Data ::
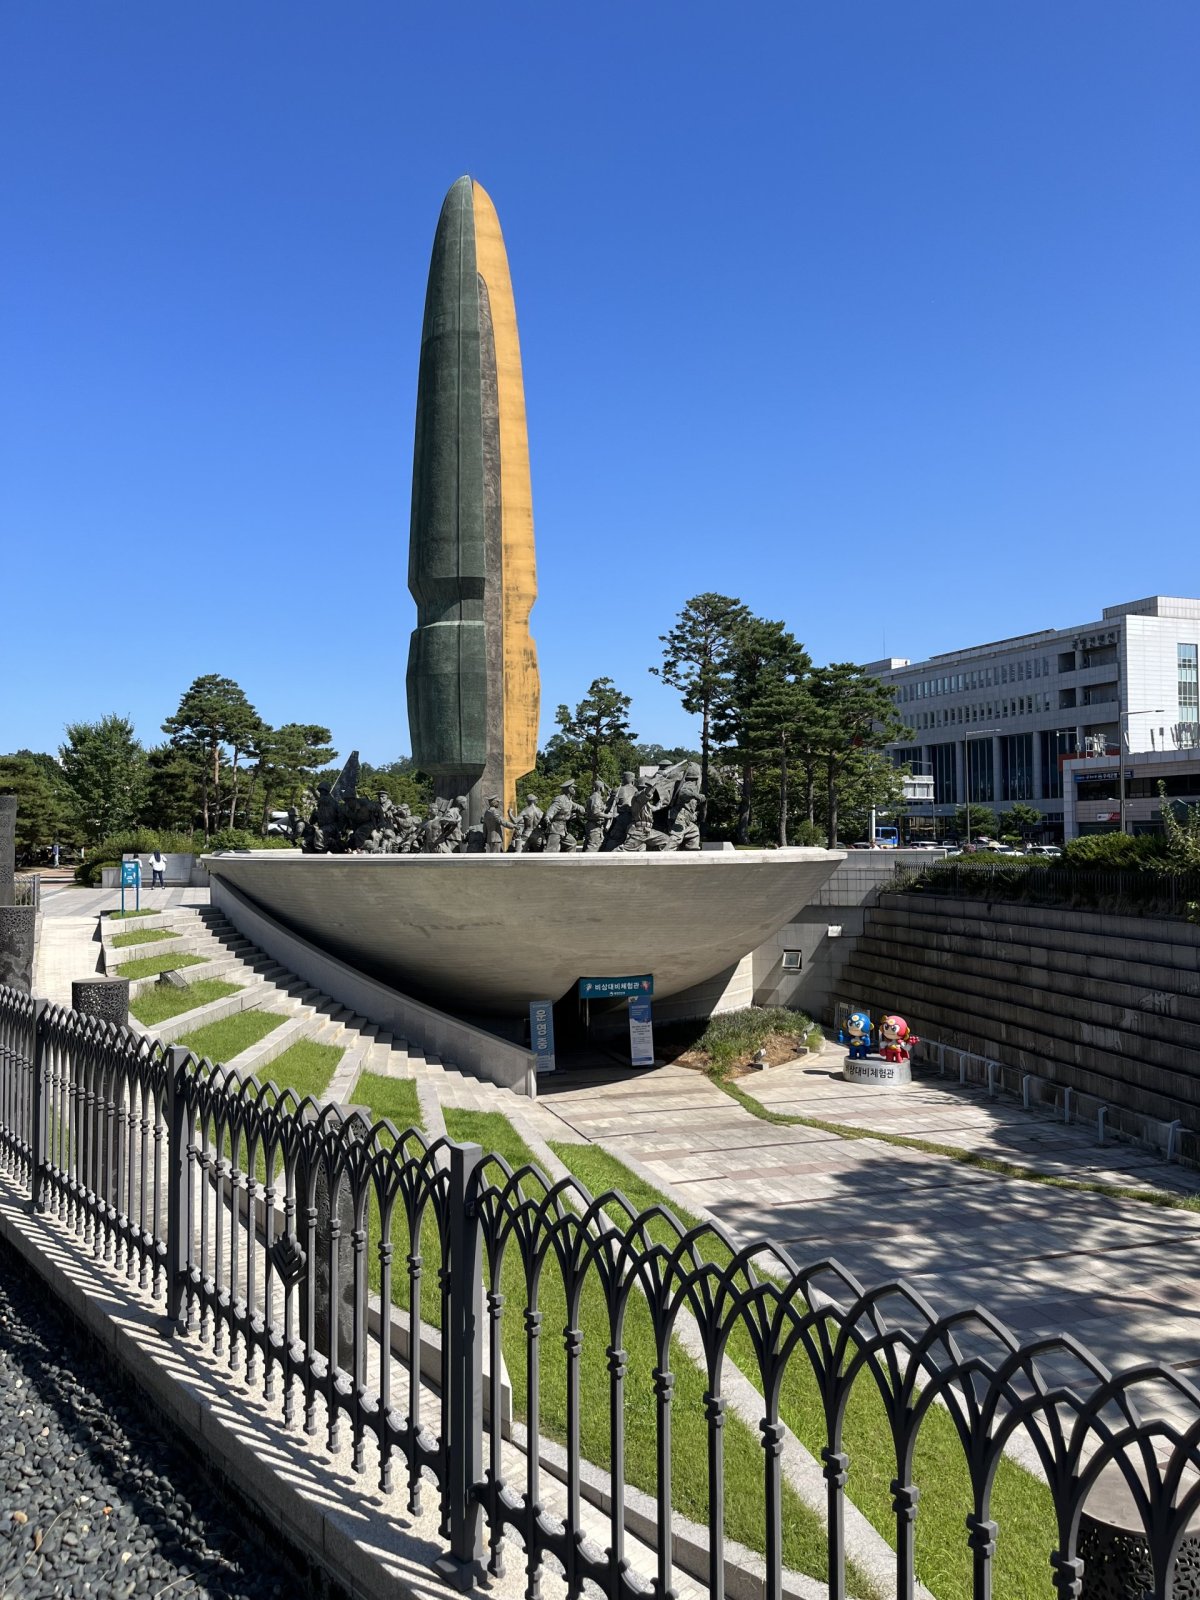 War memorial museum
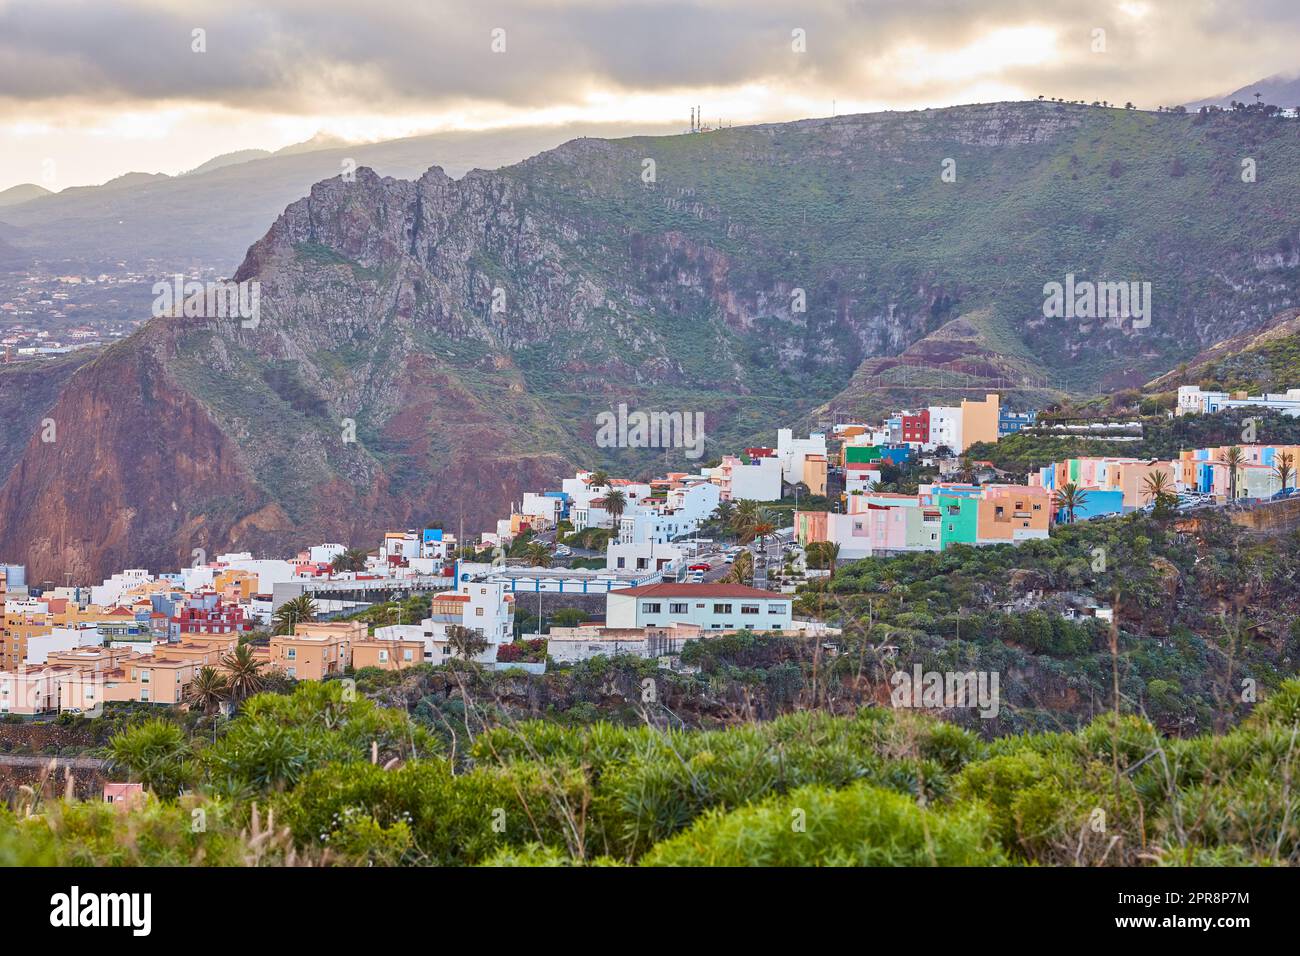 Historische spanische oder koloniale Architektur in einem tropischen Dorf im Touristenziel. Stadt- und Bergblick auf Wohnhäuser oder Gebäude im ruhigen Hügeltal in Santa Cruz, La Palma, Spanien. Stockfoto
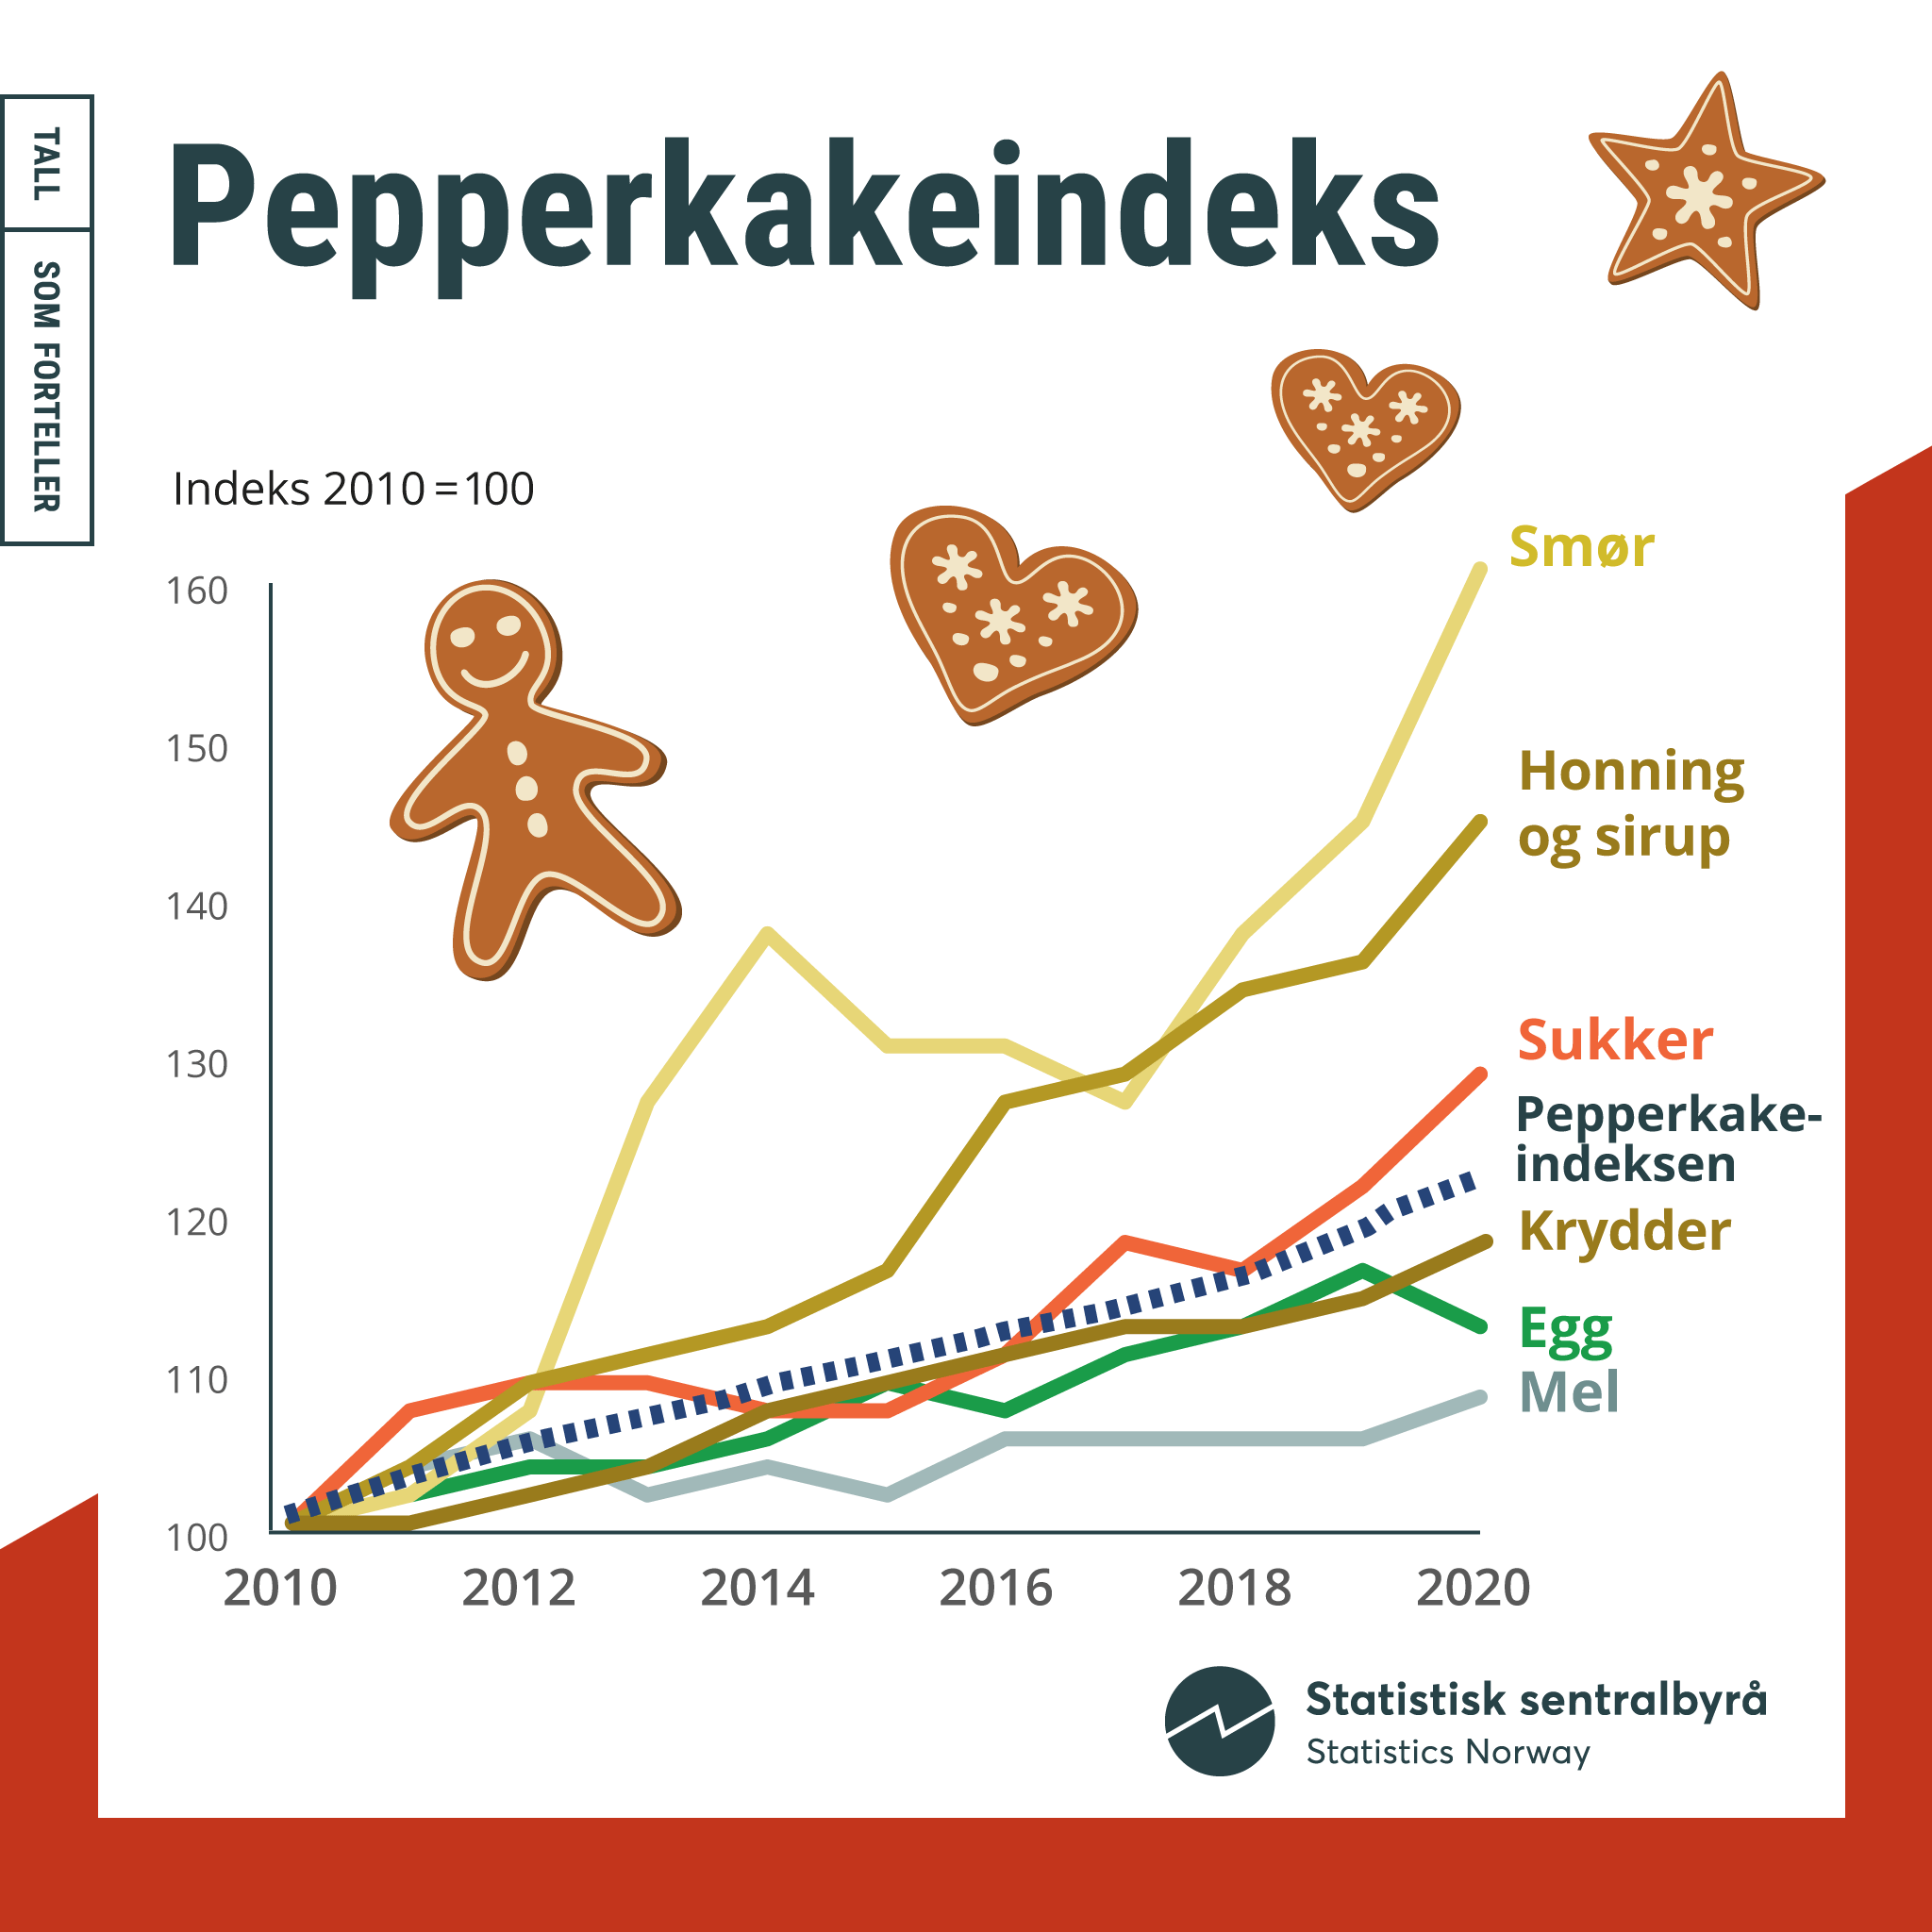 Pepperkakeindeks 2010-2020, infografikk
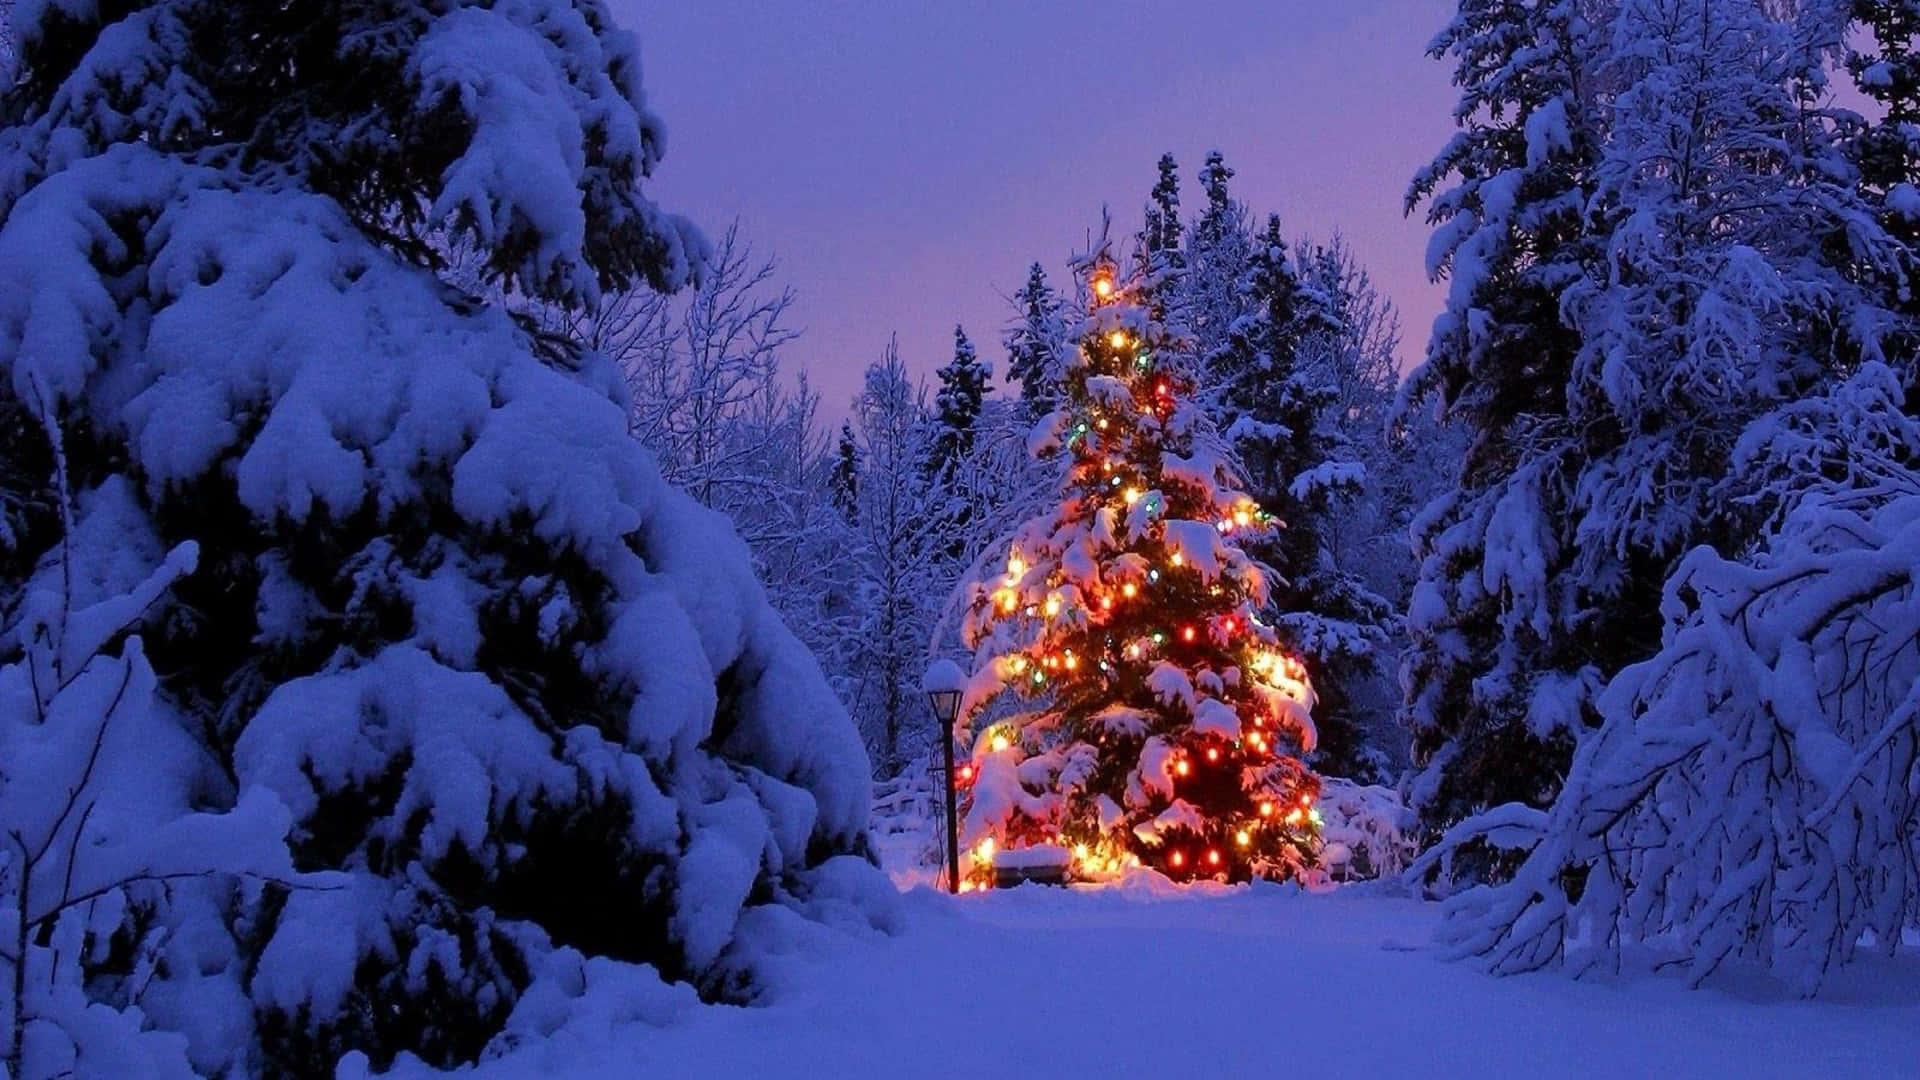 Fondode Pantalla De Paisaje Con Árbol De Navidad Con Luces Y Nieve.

Exercise instructions :: Type the listing out again word for word, passing over each picture.

Expected output ::
 War memorial museum
 Historische spanische oder koloniale Architektur in einem tropischen Dorf im Touristenziel. Stadt- und Bergblick auf Wohnhäuser oder Gebäude im ruhigen Hügeltal in Santa Cruz, La Palma, Spanien. Stockfoto
 Pepperkakeindeks 2010-2020, infografikk
 Fondode Pantalla De Paisaje Con Árbol De Navidad Con Luces Y Nieve.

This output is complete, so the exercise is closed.